# Hilarious!!! NaOH, I didn't...ruin my LS???



## PrairieLights (Dec 20, 2016)

:headbanging:
This is too funny!!! I was banging my head, trying to figure out why my LS was so... cloudy-separating-gelatinously strange looking. I have spent the last 5 hours reading and reading books... Only to glance at my notes and see I calculated for NaOH, not KOH!!!!!!!!!!!!!!!!!!!!!!!!!!! (but I am pretty sure I added KOH... I am pretty ...sure... pretty.....hmmm)

I am thinking that I can calculate what the KOH would be and add the difference? Egads. This is what happens when I make soap during the busy season. I was just discussing with my student about multi-tasking abilities... (respectfully).

Help? 
:santa:


----------



## The Efficacious Gentleman (Dec 20, 2016)
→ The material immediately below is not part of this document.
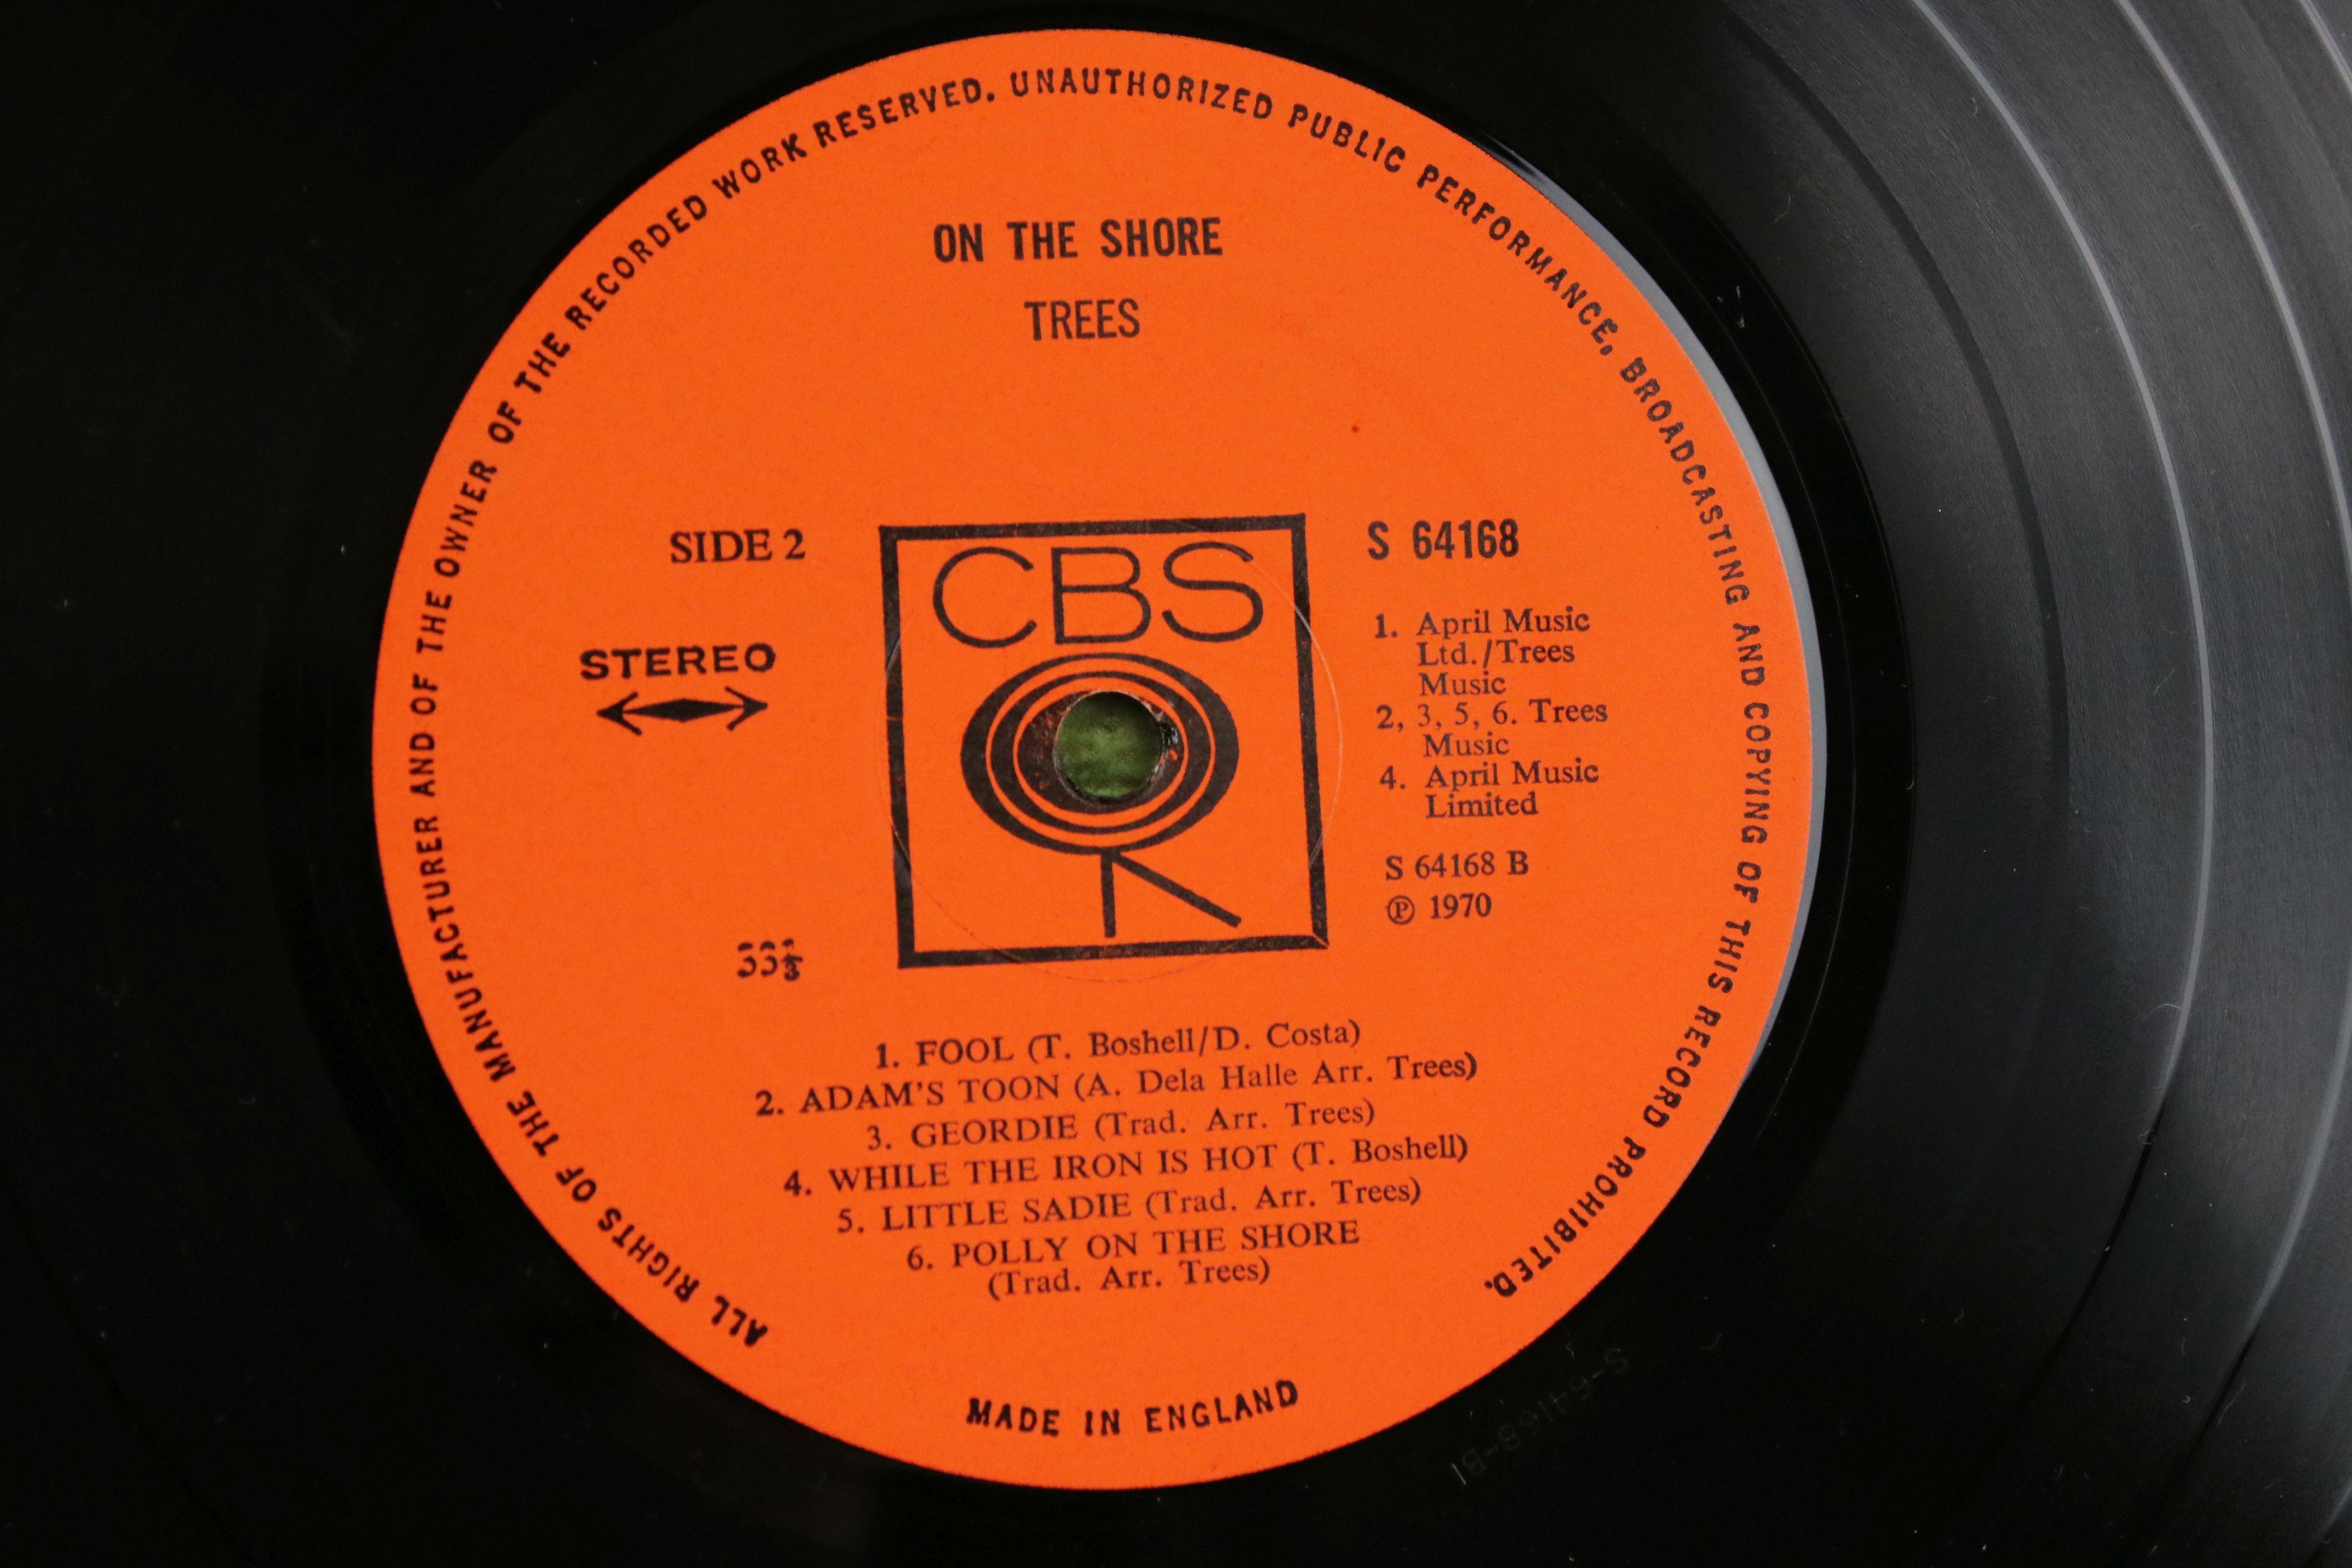 Vinyl - Trees On The Shore LP on CBS 64168 Stereo, vg+ - Image 4 of 4

Recalculate for koh and compare the two amounts - either add more koh or oil as needed.


----------



## Susie (Dec 20, 2016)

The good news is that you can fix liquid soap right up until you pour it down the drain.


----------



## susiefreckleface (Dec 28, 2016)

PrairieLights said:


> :headbanging:
> This is too funny!!! I was banging my head, trying to figure out why my LS was so... cloudy-separating-gelatinously strange looking. I have spent the last 5 hours reading and reading books... Only to glance at my notes and see I calculated for NaOH, not KOH!!!!!!!!!!!!!!!!!!!!!!!!!!! (but I am pretty sure I added KOH... I am pretty ...sure... pretty.....hmmm)
> 
> I am thinking that I can calculate what the KOH would be and add the difference? Egads. This is what happens when I make soap during the busy season. I was just discussing with my student about multi-tasking abilities... (respectfully).
> ...


here's a good laugh... (first - my back story to my story... as of now, I've been soaping for one year. Oh sure, read, watched, stalked for quite a while before - didn't matter much when it came to my foofah I tell you about below)  keep reading for what happened one year ago...

My second and third batches of "regular CP" hard soap went upside down and sideways one year ago.  I gave up and tossed the second batch after cooking it in the crock pot for a long time with zero improvement.  I started over on my third batch of "regular" CP.... pretty soon, I figured out what I did. I had to act quickly - I tossed it into the crock pot, wait for it..... recalc'd for the KOH that I used instead of the intended NaOH, did some more very quick reading, etc... HP it and scrubbed it with borax in the end to make a very nice batch of super super fatted LS.  really super fatted, thinned it out for a foamer and it worked fine.

Uuyep I ummm, bought the wrong LYE from ED. I learned a big ego lesson on that one.


----------